For those unfamiliar with the game, it was intended to release on the PC and 360, but the PC version has since been dropped. Why the hell is Epic Games a top-tier member of the PC Gaming Alliance? Ugh.
I'm just talking about the decision process, not the facts. After all, Starforce was able to scare/bully smaller developers into using their horrible DRM with horror stories of piracy and mirages of extra sales through this kind of reasoning. Regardless of whether piracy is really the big deal the overblown scare stories like to portray it as, the attention it's given is going to colour the actions of decision-makers. And if it's as easy as 'make it for console instead', especially when console development is cheaper, requires less technical support and for many genres has a solid playerbase...
Ironically, with regard to media centres, modern TVs already contain embedded systems to play a wide range of media. I can plug a drive into my television and play all the media I have (h.264, xvid, etc) without needing a computer or a 360 or whatever (which is good because the 360/Windows media streaming is a complete disaster of departmental infighting and competing systems).
The move toward console development is about money. period.
When developing for a console, the companies do not need to worry about 10% of the sales being in pirated copies so they get more money that way. Also, they know EXACTLY the hardware the code will be running on and can optimize it for this purpose. If you look at the PS2, in the beginning it was rather lackluster with its performance, but towards the launch of the PS3 the games looked and played MUCH better.
When developing on a PC, the programmers have to worry about compatibility with all the different configurations of PC hardware (something directx help to alleviate). Unfortunately, this means that a game requires a more powerful PC to run it at the same settings as a less powerful console would.

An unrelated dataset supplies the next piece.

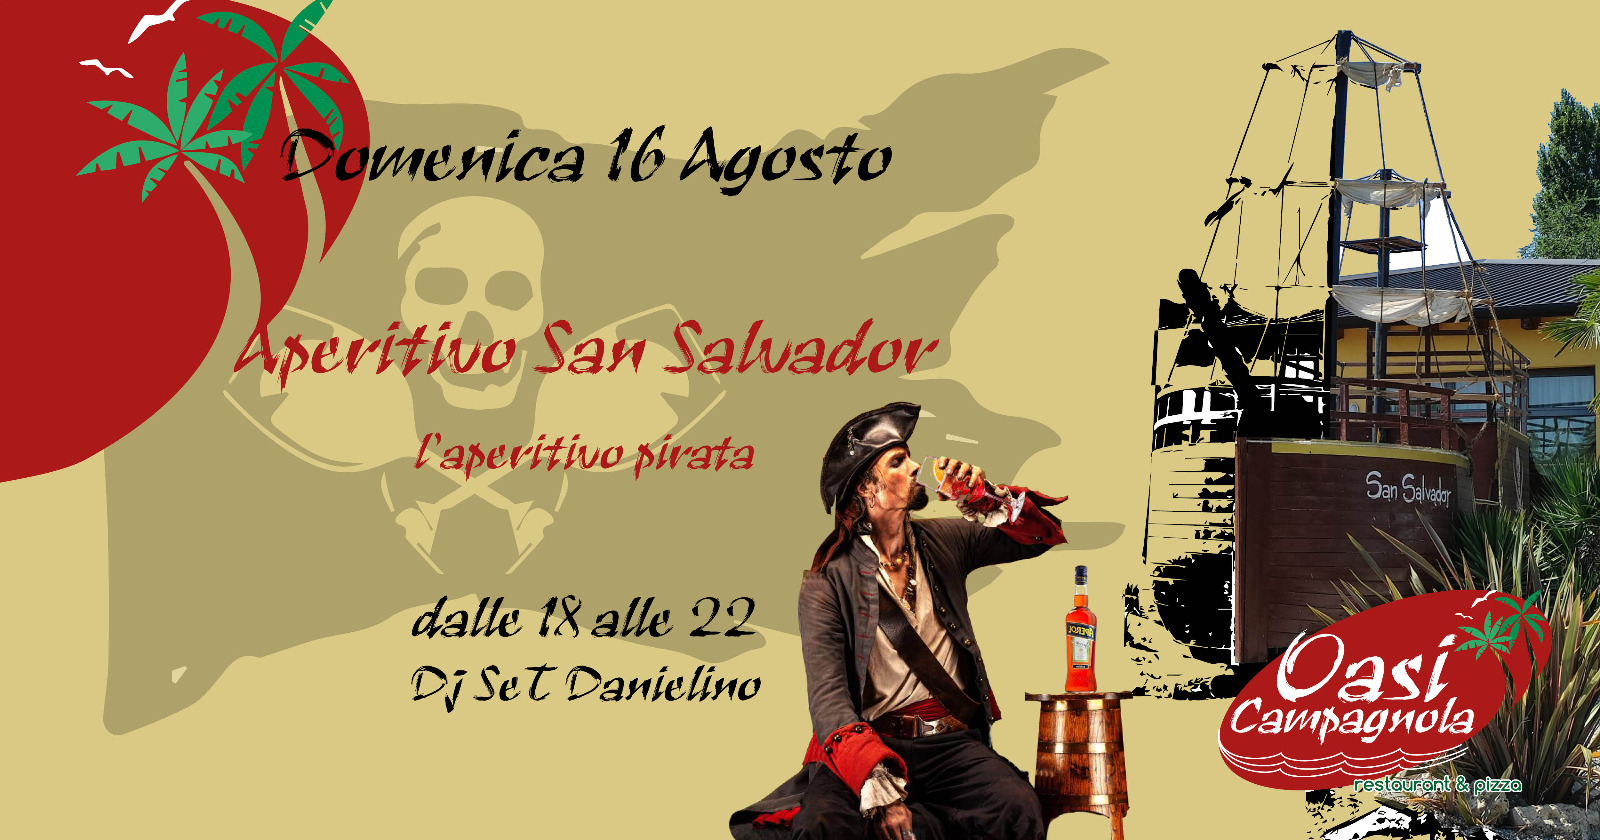 oasicampagnola_16_ago_aperitivo_san_salvador

Don't forget QA and technical support that needs to be provided somewhere along the line. That said, PC developers porting to console often run into problems with the level of reliability required on console - it's okay to release a buggy mess and patch on PC, but this will not float on console. Sure, you can patch, but the market has a totally different expectation and a buggy game will lose sales in the critical first days/weeks.

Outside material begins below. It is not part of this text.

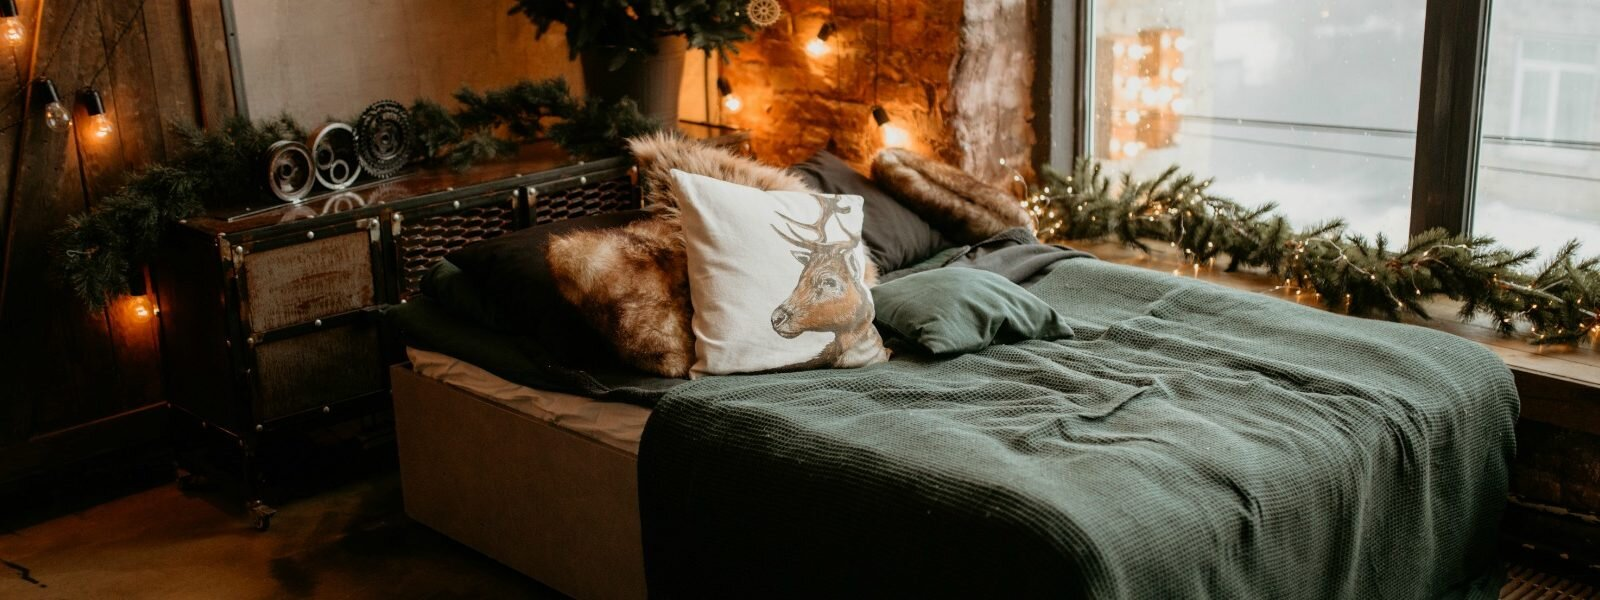 apartment-bed-bedroom-1879061-1600x600.jpg

There's another problem. Console title support costs are negligable. PC costs for legit users are an acceptable cost...but assuming all people contacting support are legit users is unreasonable. Most developers keep their opinions to themselves, which is understandable but unfortunate.
One of them actually had the desire to go in depth on analysis rather than just have one off comments to the public - http://www.romsteady.net/blog/labels/Piracy.html
And unfortunately he's no longer in the industry because he felt swimming through the bullshit wasn't worth more than actually earning good money.
(Edit - I recognize many others have been vocal about it, but most of them have been CEOs. Certainly not a position everyone would trust on the matter.)